───── Recorded information ─────

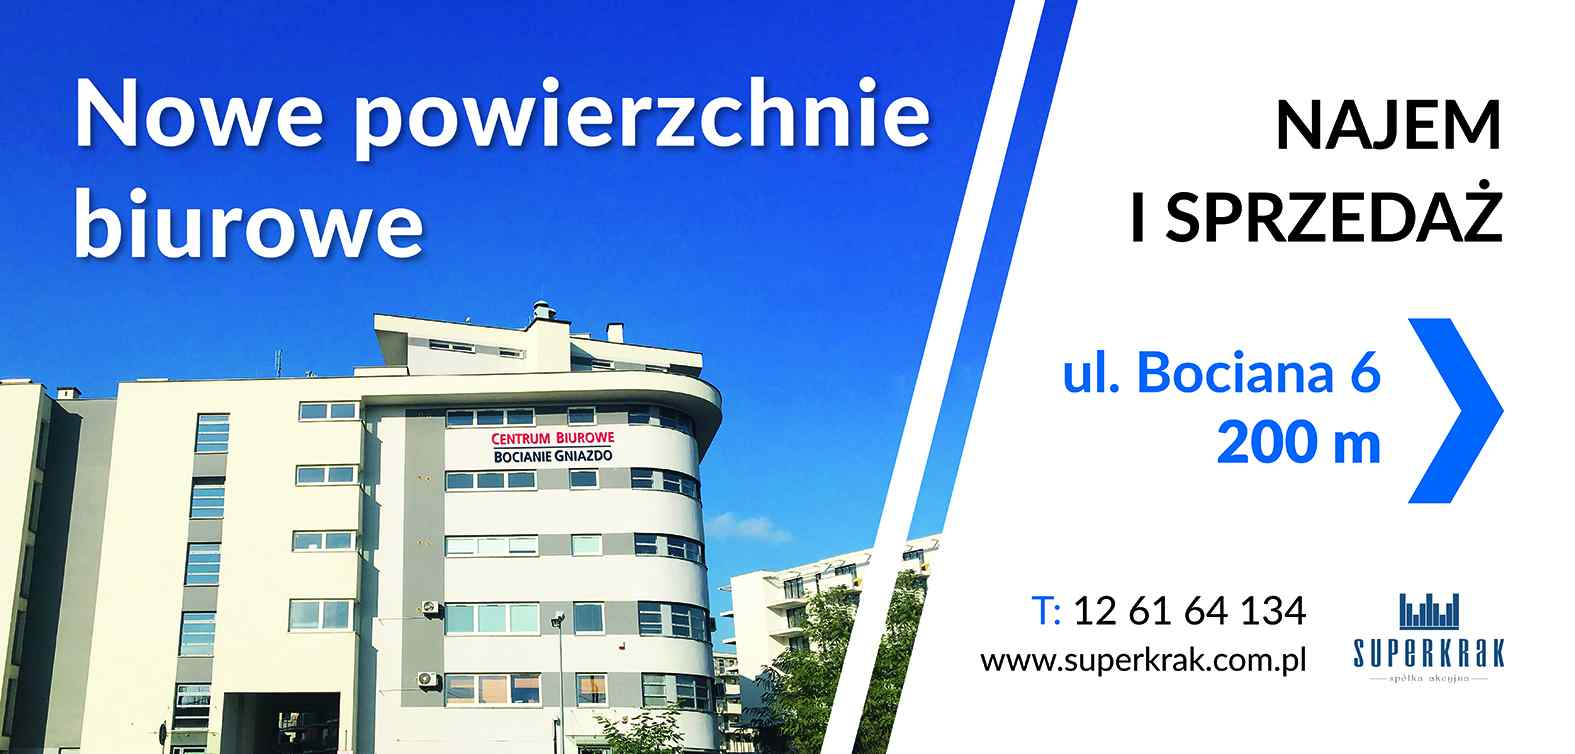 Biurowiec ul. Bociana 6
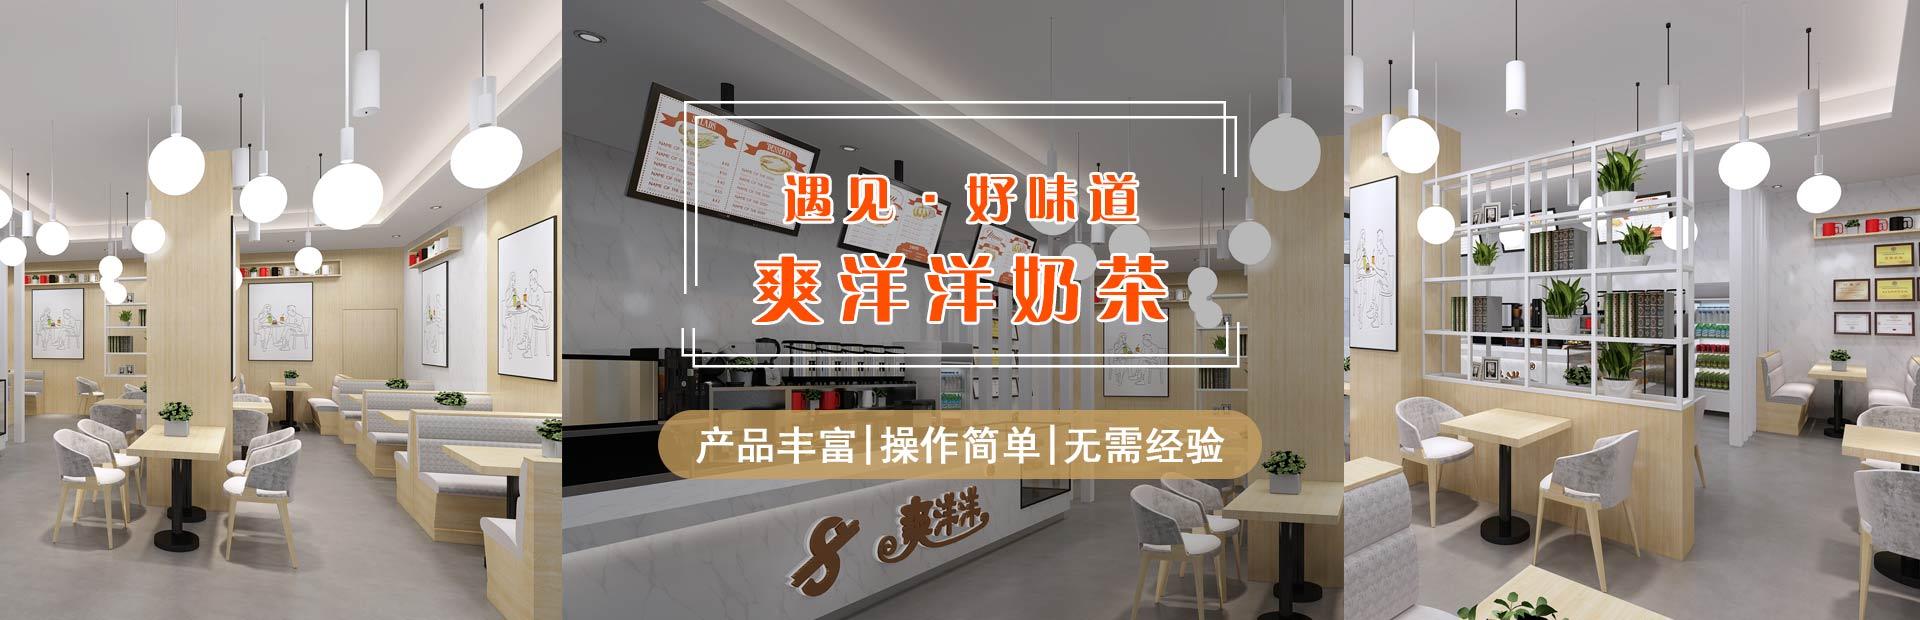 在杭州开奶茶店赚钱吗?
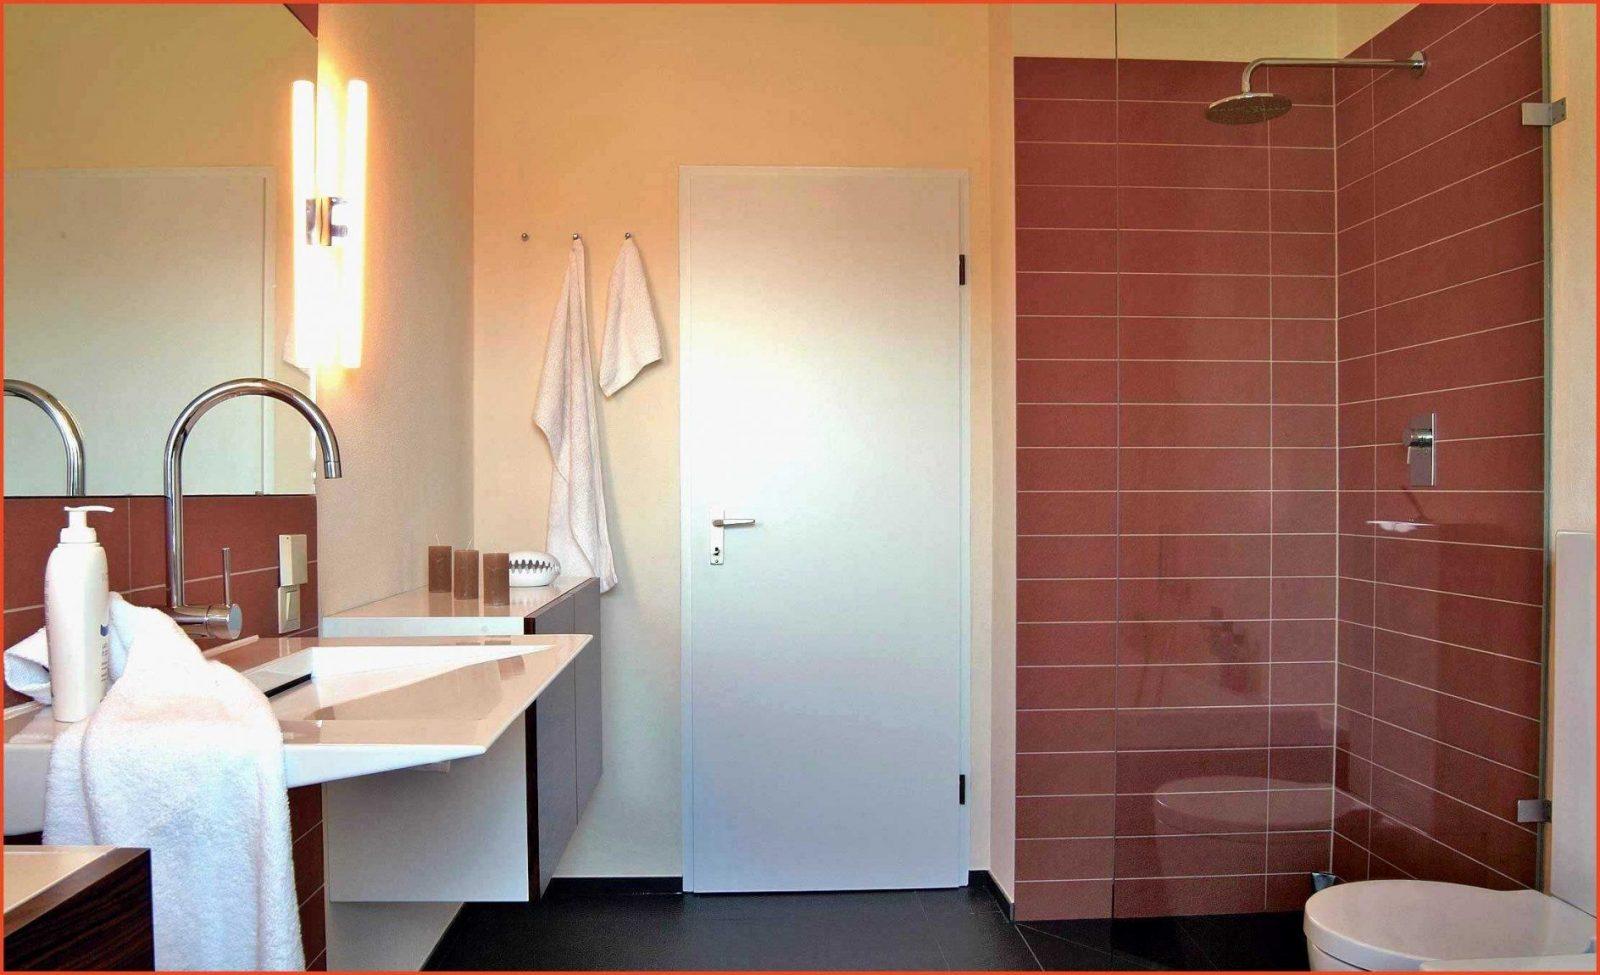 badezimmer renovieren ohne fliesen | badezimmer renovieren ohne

─────

• Exercise requirements:
Reproduce the listing exactly, but keep its images out of the copy.

• Written response:
 Biurowiec ul. Bociana 6
 在杭州开奶茶店赚钱吗?
 badezimmer renovieren ohne fliesen | badezimmer renovieren ohne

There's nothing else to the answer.